Avatar photo

An Update on Query Durations

We wanted to provide an update on the state of Keen’s query performance. After some rough patches in February and March, we’ve made significant progress in stabilizing queries.

However, query durations are still not as fast as they were, say, three or four months ago. We understand this continues to be frustrating for customers who built solutions that relied on those faster query times. We want queries to be faster too, and hold ourselves to a very high standard when it comes to reliability & performance. It pains us to limit your experience. As part of our commitment to transparent communication, we wanted to increase your awareness of what we’re doing to address the situation.

Why are my queries slow?

There is no single reason for these query duration issues, but they are generally related to the challenges of rapidly scaling our service. To be perfectly transparent, many of you are running fast-growing companies, and your data & query volumes are growing with you. On top of being fantastic, committed, and growing customers, many of you have also recommended Keen to new developers, too. As a result Keen usage has consistently grown (and continues to grow) 20% month over month. Scaling to support you is the challenge we signed up for, and we’re happy to do it, but you wouldn’t be paying us if it weren’t indeed a challenge.

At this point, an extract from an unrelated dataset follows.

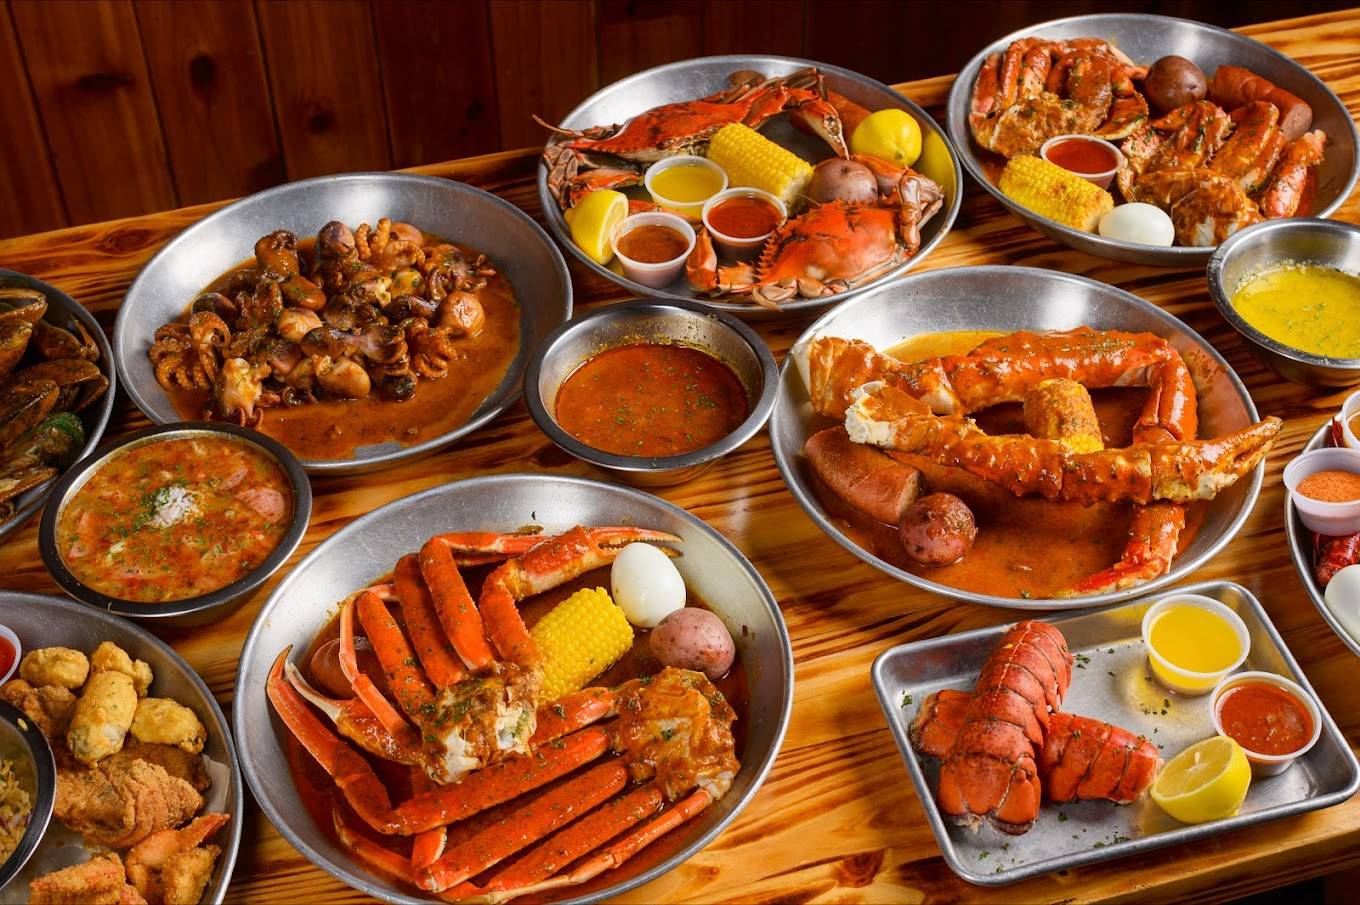 SEAHOLIC Houston Seafood & Oyster Bar - best seafood boil in Houston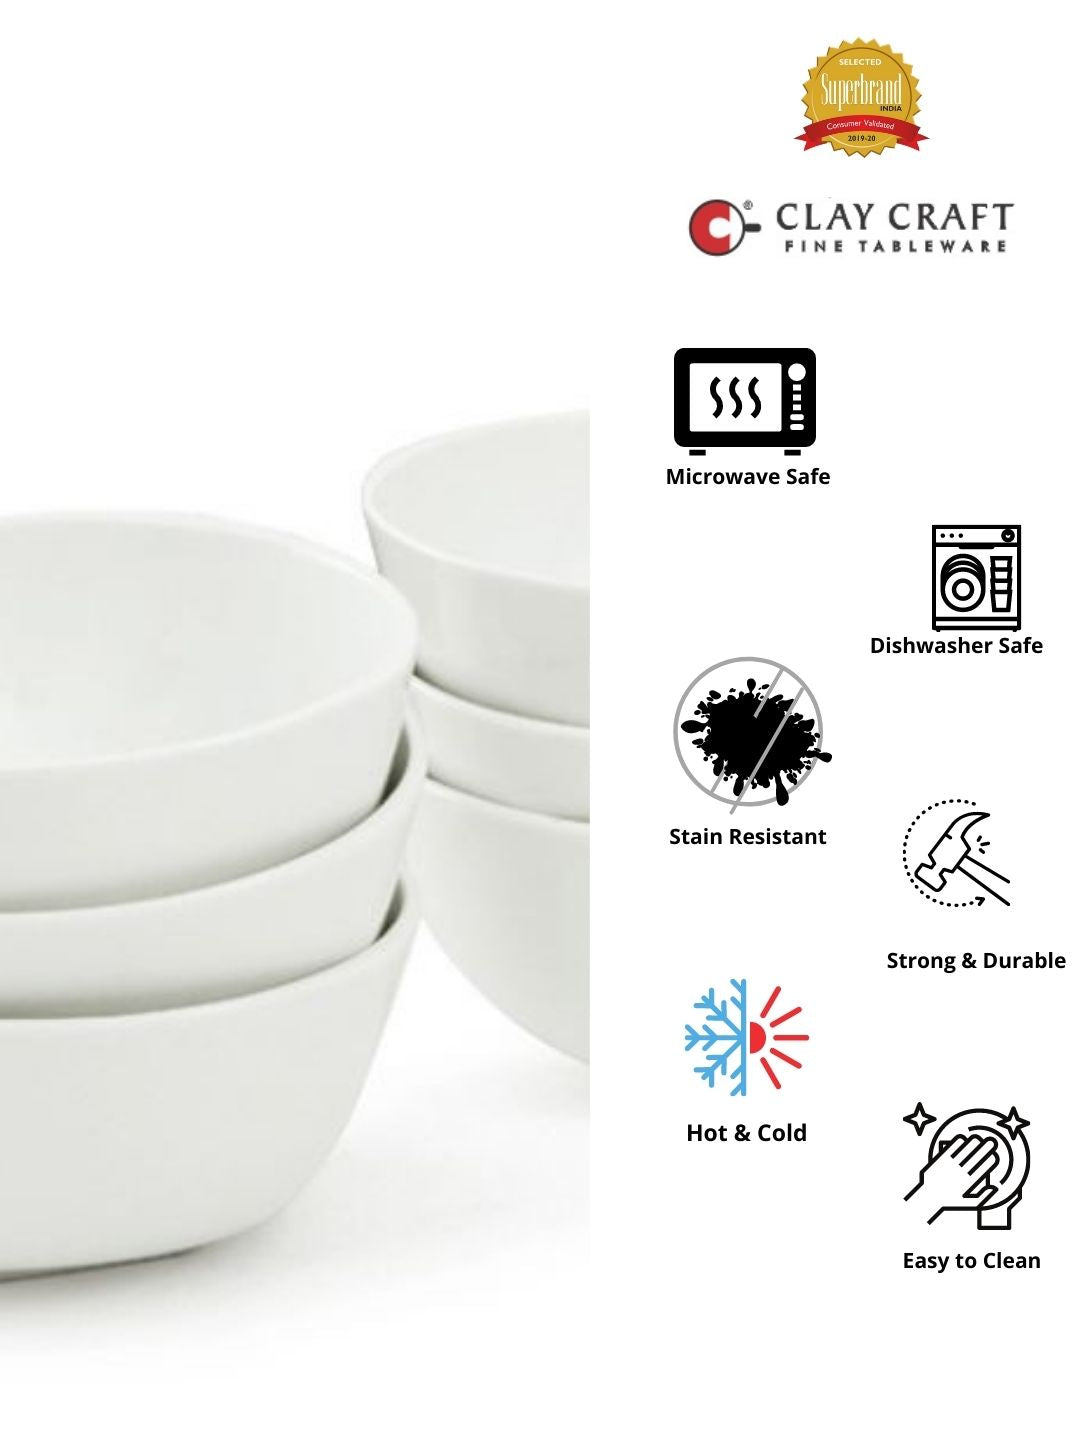 Clay Craft Basic Bowl Square 4 Piece Small Plain White

Although platform companies like ours would love to say it isn’t the case, of course another factor that leads to spikes in query duration are individual users dramatically exceeding the standard query load (aka, noisy neighbors). We have already drastically improved, and continue to improve, our ability to detect and protect the platform from these types of use cases, and to work with these customers to find the right solution for their needs. It’s our job to ensure noisy neighbors don’t impact your experience, and we’re committed to that. We don’t want to pretend like that isn’t a challenge either, though.

For those interested in the technical challenges (and triumphs!) of building distributed systems, we plan to write more to explain individual bottlenecks we have encountered with various pieces of the pipeline infrastructure.

What are you doing to resolve this?

Currently we are significantly strengthening nearly every major internal system we rely on. To get a bit more technical, enhancements to our Zookeeper installation are wrapping up. Capacity expansion to our Storm cluster is underway. Our Cassandra data model is being reworked to address costly hot spots. And we’ve further rationalized our internal DNS which will ease deployment and maintenance.

In addition, we now have even more powerful internal tools for performance profiling and benchmarking. We will also be rolling out better service protection in the coming weeks. Structurally, we are looking to significantly expand the size of the platform engineering team (there were only 6 of us until recently; now we have 8 and our team is still growing).

Finally, we didn’t set out to build a company just to see how fast we could grow it. There is no point in scaling Keen bigger and faster if it comes at your expense. The trust of our customers is our most precious asset. So, as another protection to our customers (and our team), we’ve decided to put on hold several new, very large potential customers. Longevity, stability, and sustainability are far more important to us than fast growth.

How can I stay up to date?

You can check our status page for regular updates on performance metrics and query durations.

We also suggest checking out our Query Performance Guide. The guide contains some great tips on how to optimize your queries. In addition, our beta Query Caching feature is now ready for general availability. If you’re interested in significantly increasing performance and consistency for queries that are used repeatedly please reach out to us and we can enable this new feature for you.

What’s the timeline?

While we continue to work through this rough patch, queries will not improve in one fell swoop. All queries will continue to be slower than normal over the next few weeks. Please be aware that Extractions and Percentiles are particularly slow at present.

Achieving our performance standards–in speed, dependability, and scalability–is our top priority. We believe that the investments we are making over the next few weeks will pay off and your query performance will improve, not just in the near term but well into the future as our volume continues to grow.

As always, your patience and understanding are greatly appreciated. We can’t imagine building for a better community. Once again, our deepest apologies for providing you with less than stellar service. We will improve, and we are committed to transparent communication along the way.